Vincent Massey High School principal Mathew Gustafson says every tap and fountain is flushed for five minutes each morning before school begins.

COLIN CORNEAU/BRANDON SUN Enlarge Image

Vincent Massey High School principal Mathew Gustafson says every tap and fountain is flushed for five minutes each morning before school begins.

At least one Brandon school has decided to err on the side of caution, following recent reports of high lead levels in the tap water in some older areas of the city.

Vincent Massey High School principal Mathew Gustafson said every tap and fountain is flushed for five minutes each morning before school begins.

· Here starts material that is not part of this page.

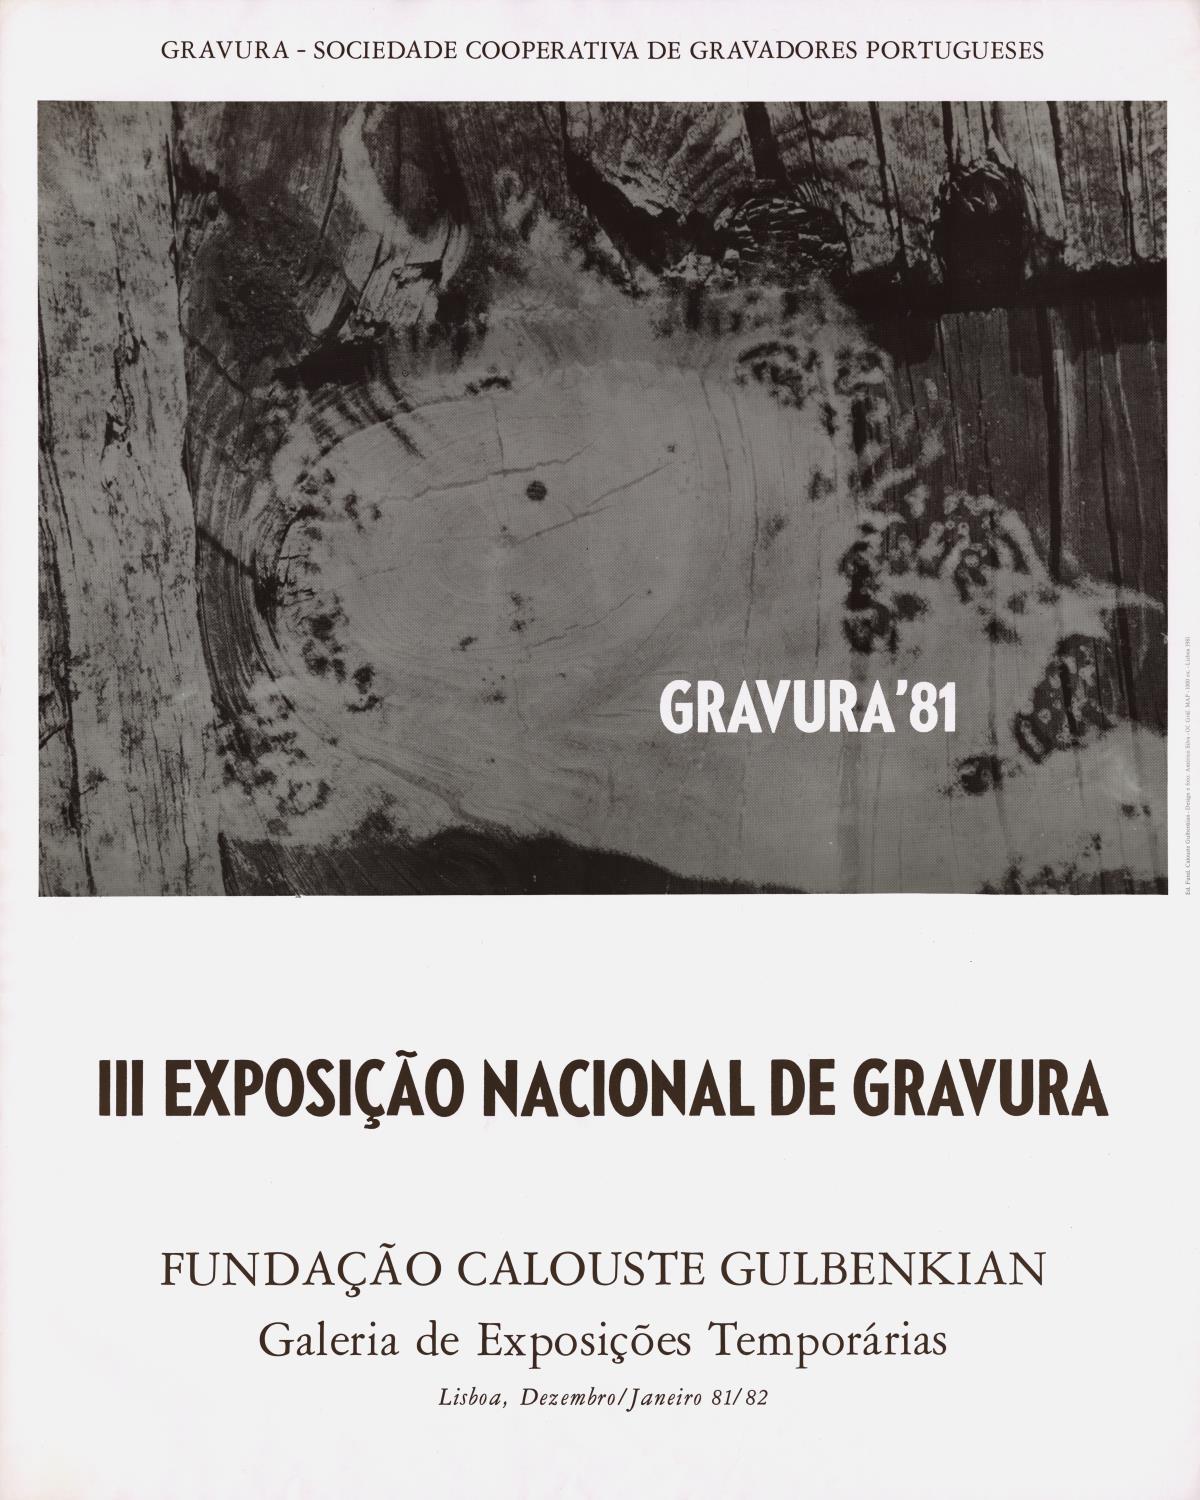 III Exposição Nacional de Gravura. Gravura 81

"We flush all of our lines … so that there’s no chance of water that’s been sitting in lines could be consumed," Gustafson said. "We run all of our taps and fountains, any sources of water for five minutes every morning before students or staff get to the school."

Earlier this month, preliminary results of a provincial study showed high lead levels in some older Brandon homes. The city said water in approximately 3,600 homes may be affected. These are homes built before 1950 and are most likely to have lead service connection. The city provided a map with the areas of Brandon that are pre-1950, where lead services still may exist.

Vincent Massey is not part of the affected "blue zone." The school falls into the "green zone," which includes areas built after 1950 when lead services were not used.

Gustafson said they want to be cautious, and ensure the health of students and staff is not compromised, adding the original part of the school is more than 50 years old.

"We know if the water stays in lines, if it sits there for a while then the concentrations may be higher, due to things like solder and things like that," Gustafson said.

"We want to make sure that we have fresh water (so) that we’re guaranteed that it will be well below any guidelines."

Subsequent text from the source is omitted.